Now turning to FIGS. 3, 4, 10A, 10B, 11, and 12 for an example of tooling for an operation. For illustration purposes, a tube will be the object to hold. Tube holder 302 is connected to object holder 303 to form a single component. Tube holder 302 can be connected before or after object holder 303 is inserted into either the left or the right aperture 109 for bending counter-clockwise or clockwise tube bending respectively. Tube holder 302 and object holder 303 cooperate with third tool 304 (such as forming die) to retain an object (such as a tube) while second tool 308 (such as a bender arm) rotates during an operation (e.g. bending, swaging) on the object.

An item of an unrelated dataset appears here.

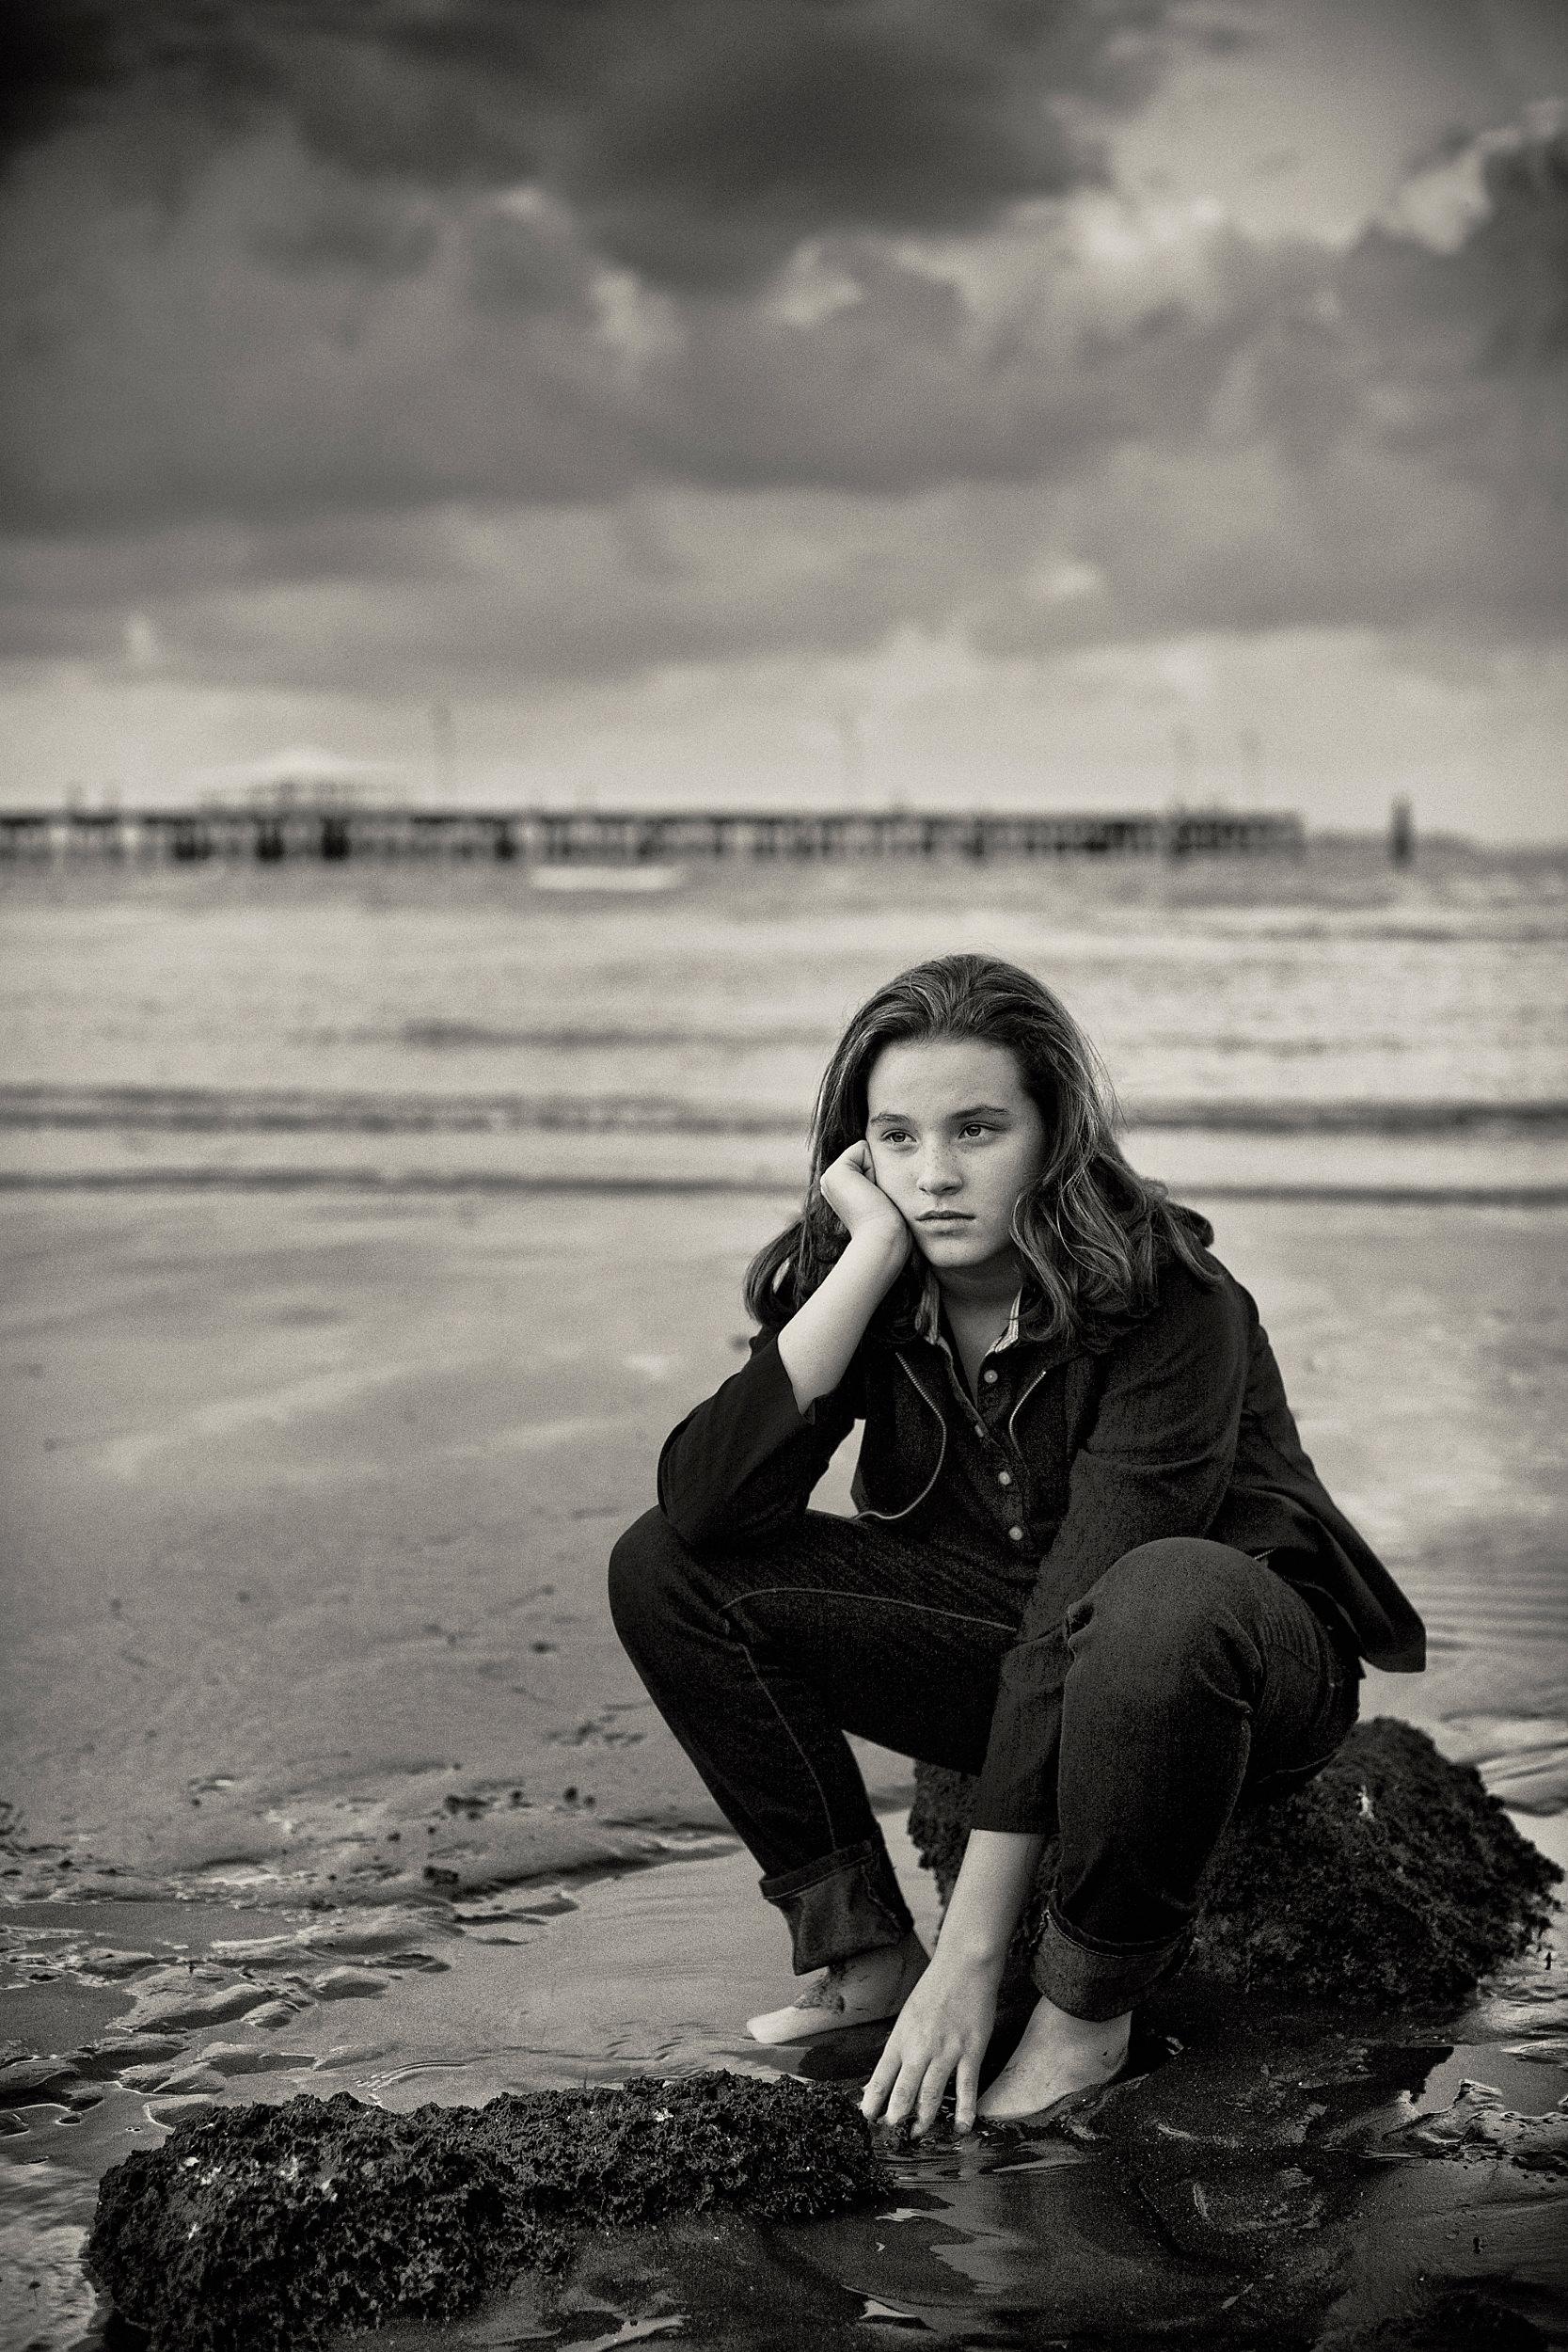 Tutorials-pensive-mood-portrait-shorncliffe-beach.jpg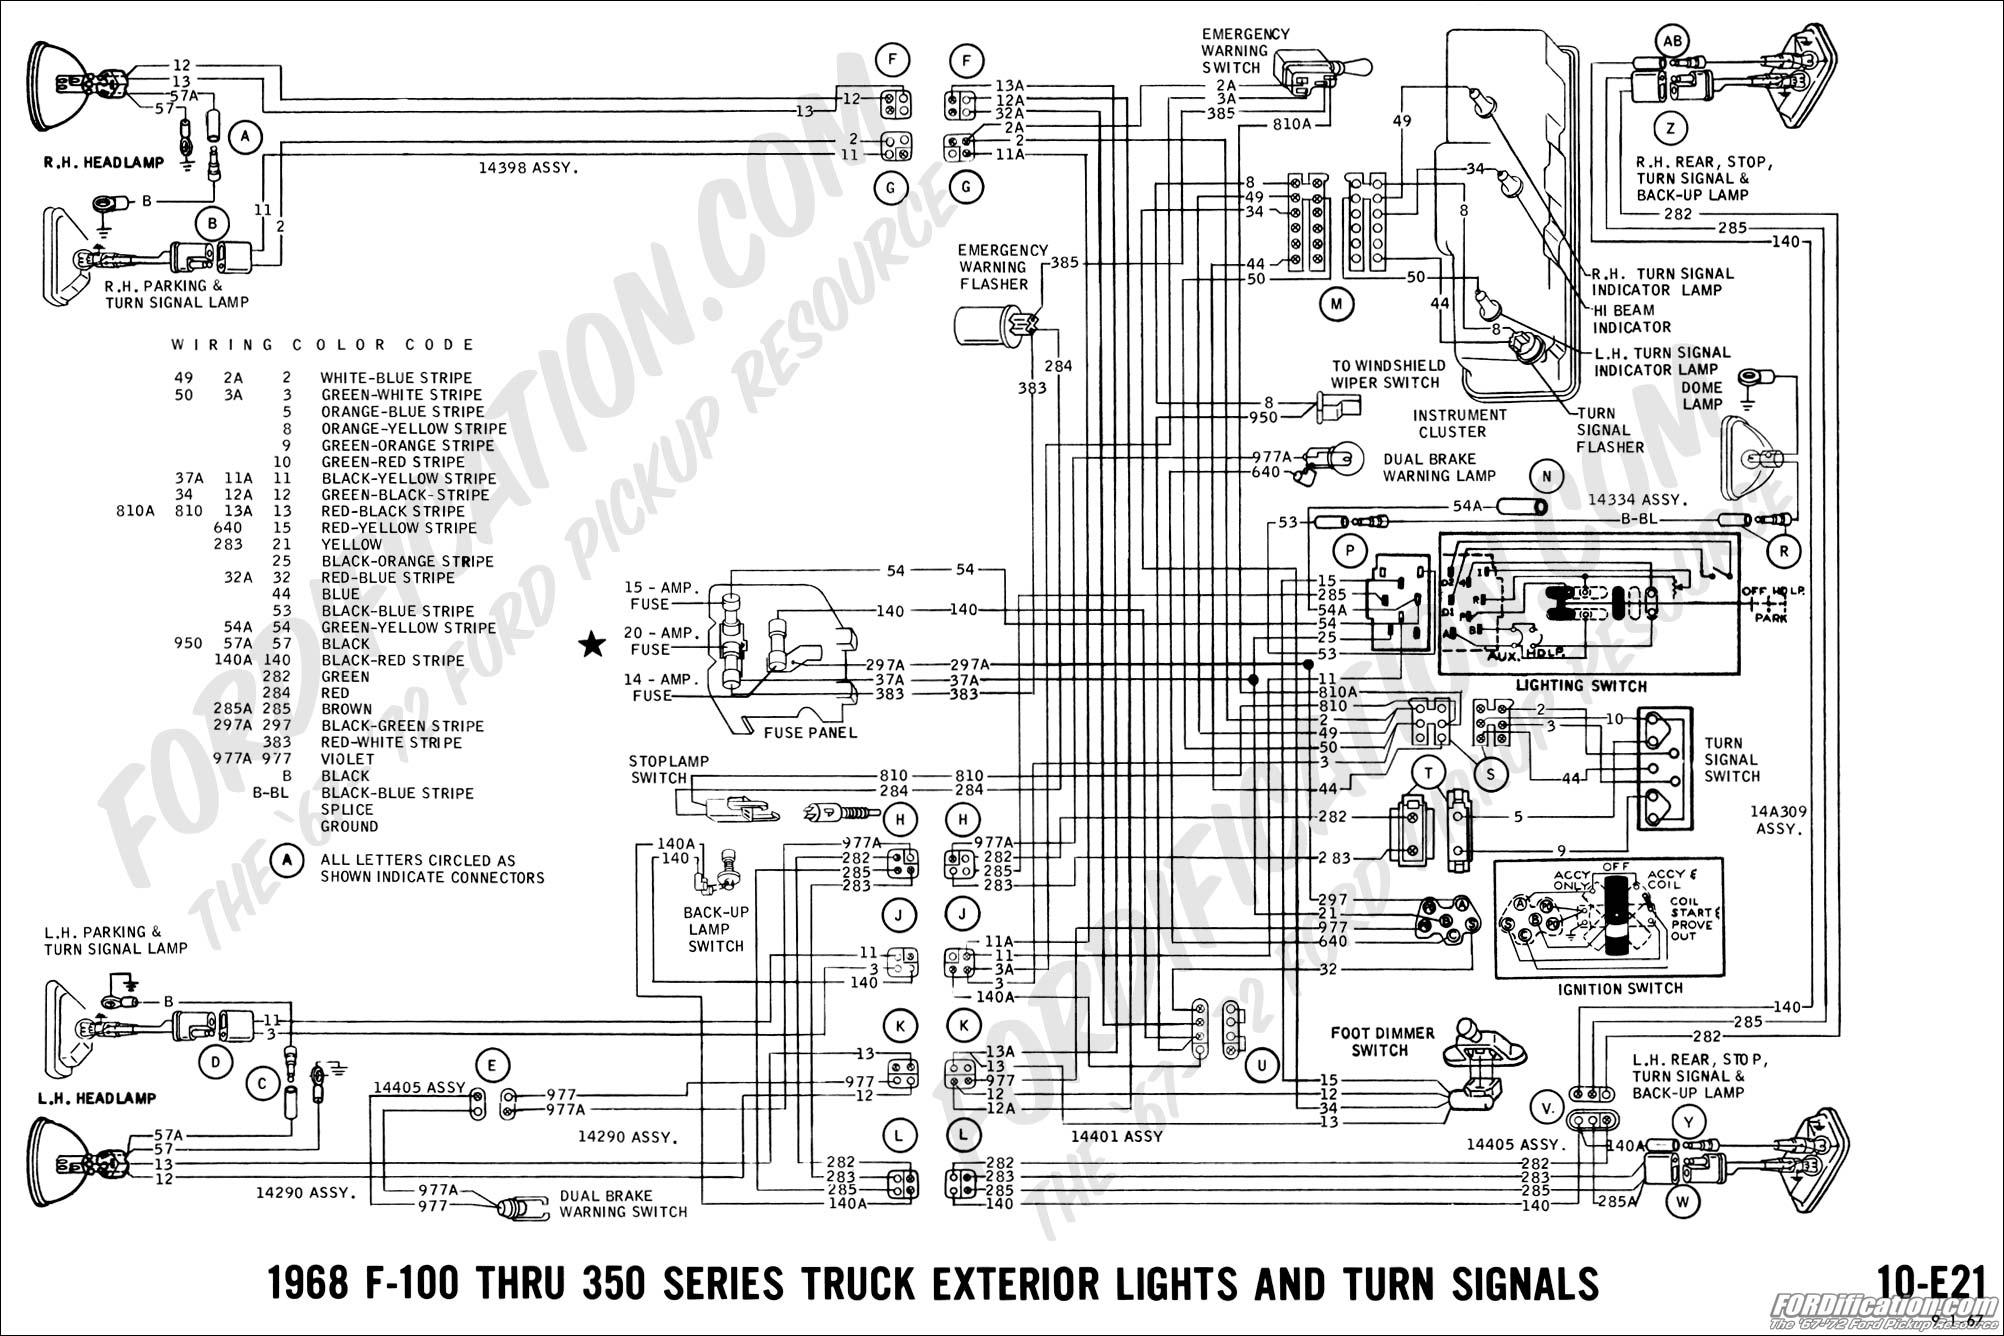 Tremendous 77 Ford F250 Wiring Diagram Wiring Diagram Wiring Cloud Apomsimijknierdonabenoleattemohammedshrineorg

Now turning to FIGS. 2-4 illustrating further features of bending apparatus 100 that cooperate with tool attachment 300 to accomplish a desired task, such as bending a tube. As discussed above, one embodiment of output drive disk 45 of the present invention includes a center aperture 106 sized to freely receive there through a first tool 317 (such as a forming die connector). Front face 102 includes universal tool adapter receivers 104A, 104B, for example square holes, to secure a plurality of lug connectors 321A, 321B on rear surface 308D of second tool 308 such that second tool 308 is secured to output drive disk 45 and rotates with output drive disk 45 while first tool 317 and third tool 304 are stationary. First tool 317 can be attached to back chassis plate 24 and cantilevered through center aperture 106 of output drive disk 45 such that first tool 317 does not contact center aperture 106 or interfere with the rotation of output drive disk 45. First tool 317 includes elongated shaft 314 with back plate 316 attached to back chassis plate 24 and an end 315 that extends out beyond front face 102 of output drive disk 45 to statically connect third tool 304 to bending apparatus 100. Shaft end 315 can be a square geometry, as shown in FIG. 4, to be freely received by square hole 304A for ease of assembly and disassembly of the two components. An alternative embodiment of the connection feature can be a tight fit or inference fit such that first tool 317 and third tool 304 are not easily separated.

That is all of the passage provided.